Kudos to the Committee to save the Y2K Spitfire for their promotion to keep the MK IX Roseland Spitfire here in Comox, once it is rebuilt.

Dear editor,

Kudos to the Committee to save the Y2K Spitfire for their recent promotion to keep the MK IX Roseland Spitfire here in Comox, once it is rebuilt.

For eight enthusiastic years, a group of dedicated community volunteers spent countless hours trying to bring this rare Second World War aircraft back to its former glory.

Volunteers put their heart and soul into this incredible project, however when restoration efforts began to falter a few years ago, the Canadian Forces decided to transfer the ownership of the Spitfire to Vintage Wings of Canada in order that it could be finished.

The sale of the aircraft to a registered national charity with the experience and resources to do the job dramatically improved the chances of achieving the Comox volunteers’ dream of a fully restored, flight-ready Spitfire.

Vintage Wings of Canada (VWC) has kept the Spitfire in Comox and has so far invested over $1.5 million in the continued restoration of the aircraft.

Ultimately, the goal was to eventually share this incredible plane with other Canadians, from coast to coast. That is what Vintage Wings of Canada does — every year from April to October, the organization flies many of its historic aircraft to dozens of communities across Canada, from Comox to Summerside, PEI.

For example, VWC has recently flown both the restored Sabre Hawk One and the Hampton Grey Corsair out here to Comox, and would like to do more.

The Yellow Wings program, honoring the British Commonwealth Air Training Plan, where a fleet of training aircraft toured Canada, is another example. You can follow their programs at www.vintagewings.ca.

Moving forward, Vintage Wings of Canada is absolutely open to any suggestion to operate the Spitfire from Comox for most of the year. But first, significant challenges must be overcome, most notably raising substantial sums of money to:

• Build a hangar for the Spitfire (the Canadian Forces will not house it);

• Pay landing fees to the Department of National Defense (similar to fees paid by airlines at airports across Canada);

• Pay operating and maintenance costs (estimated at $8,000 per flying hour) to cover things such as fuel, spare parts and insurance;

• Hire experienced engineers to maintain the aircraft’s complex mechanical systems.

Vintage Wings of Canada was delighted to read recently about the continued strong base of support for operating the plane from Comox.

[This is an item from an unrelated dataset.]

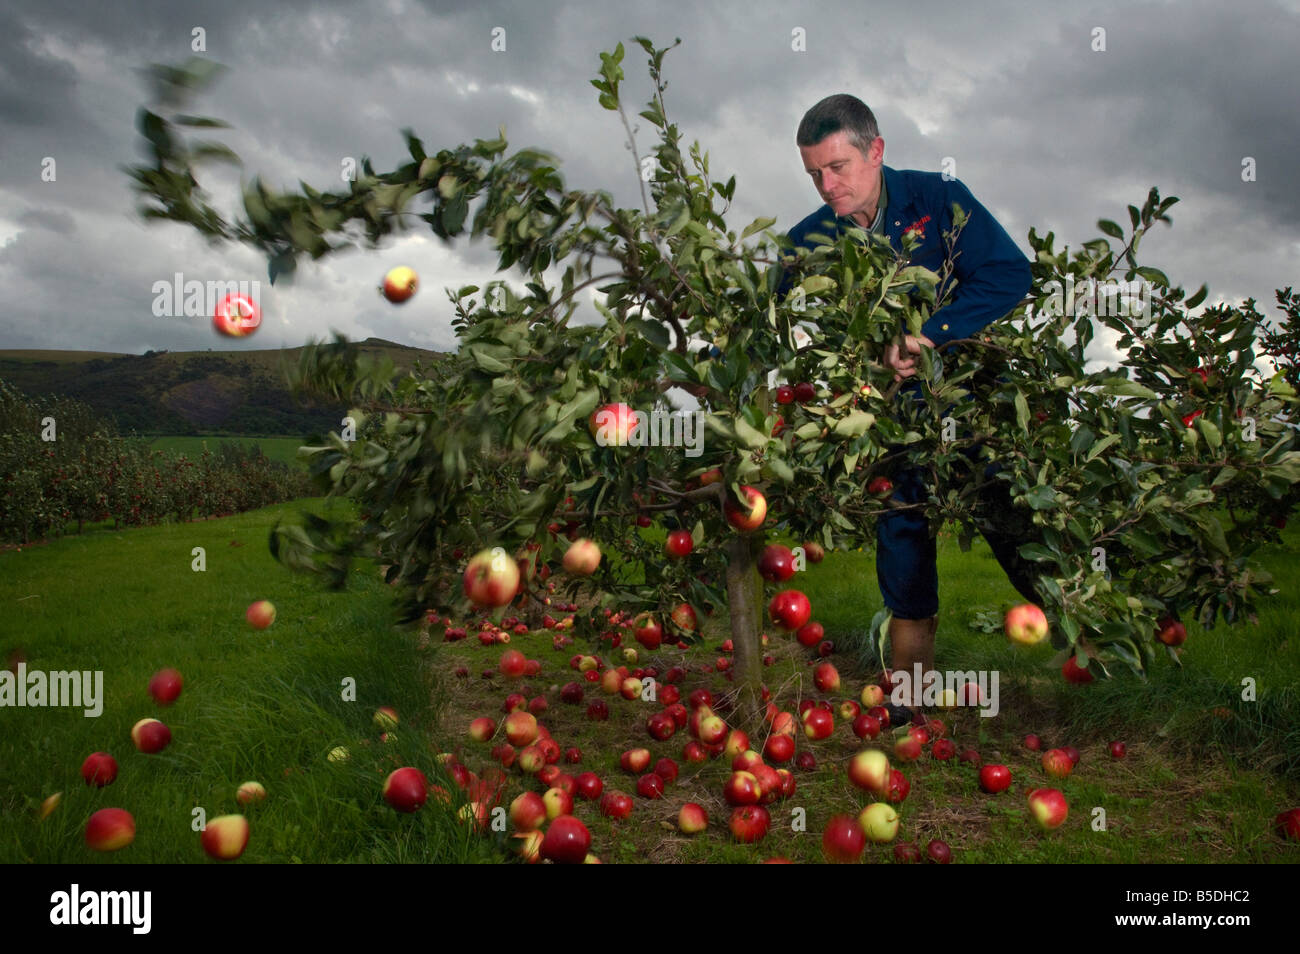 Harvesting Katy cider apples by shaking the tree Thatchers Cider Orchard Sandford Somerset England Stock Photo
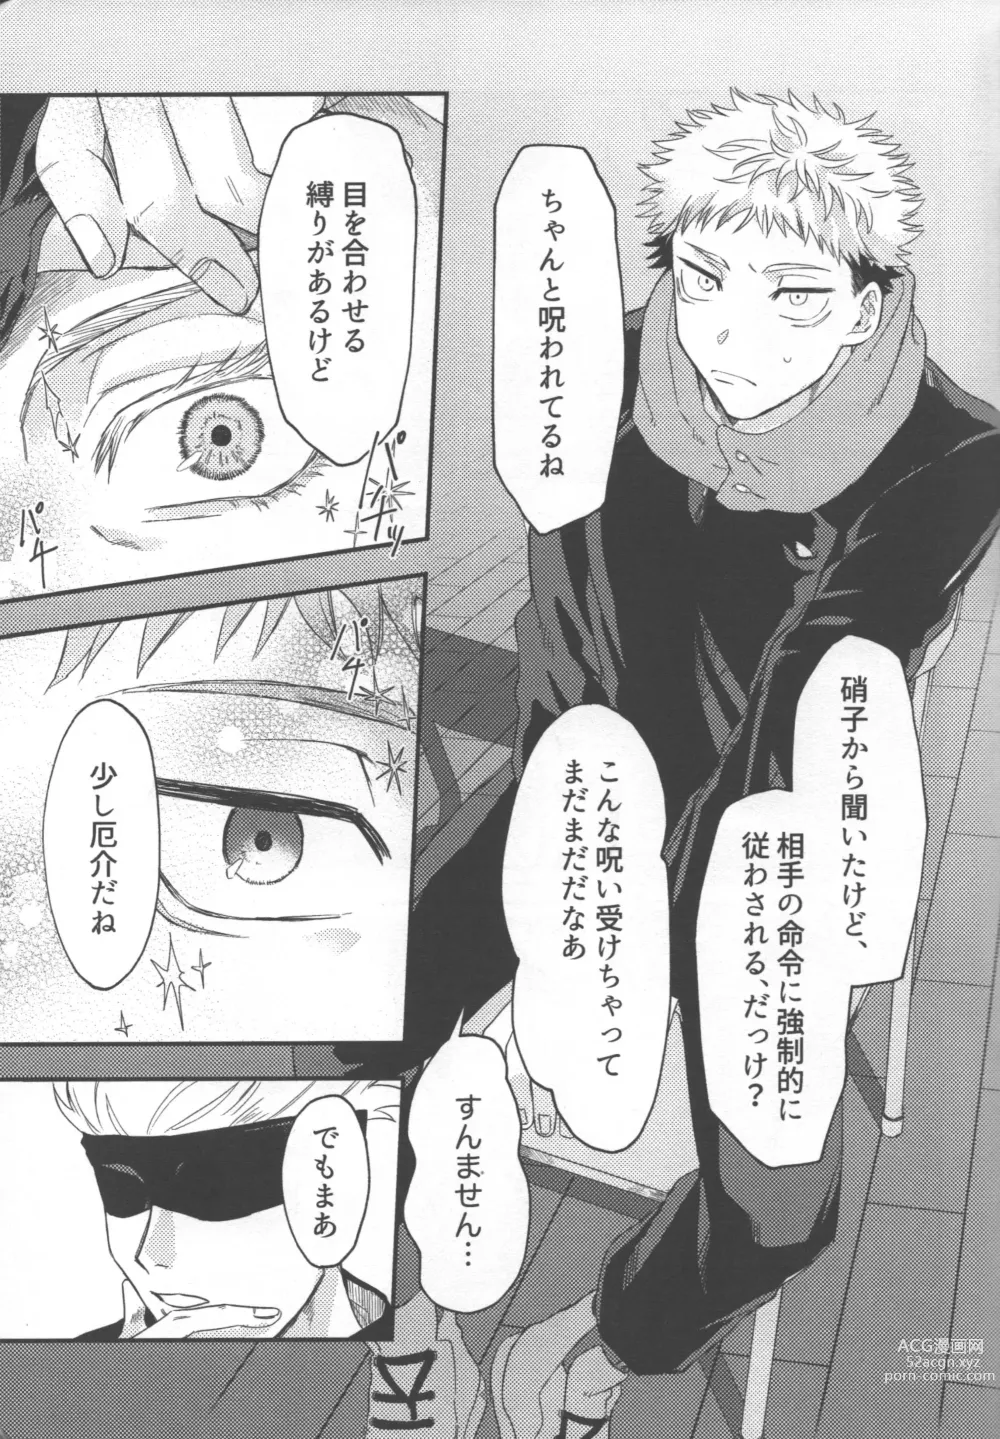 Page 4 of doujinshi Dont Look at ME Like That.

I invite the committee, or any other interested group, to contact myself to discuss ideas on how to re-energize local supporters and raise the needed funds to keep and fly the Spitfire here.

Together we can make the Comox Spitfire dream a reality that will live on for years to come.

Terry Chester,

Comox

Editor’s note: Terry Chester is involved in Vintage Wings of Canada’s Roseland Spitfire Project.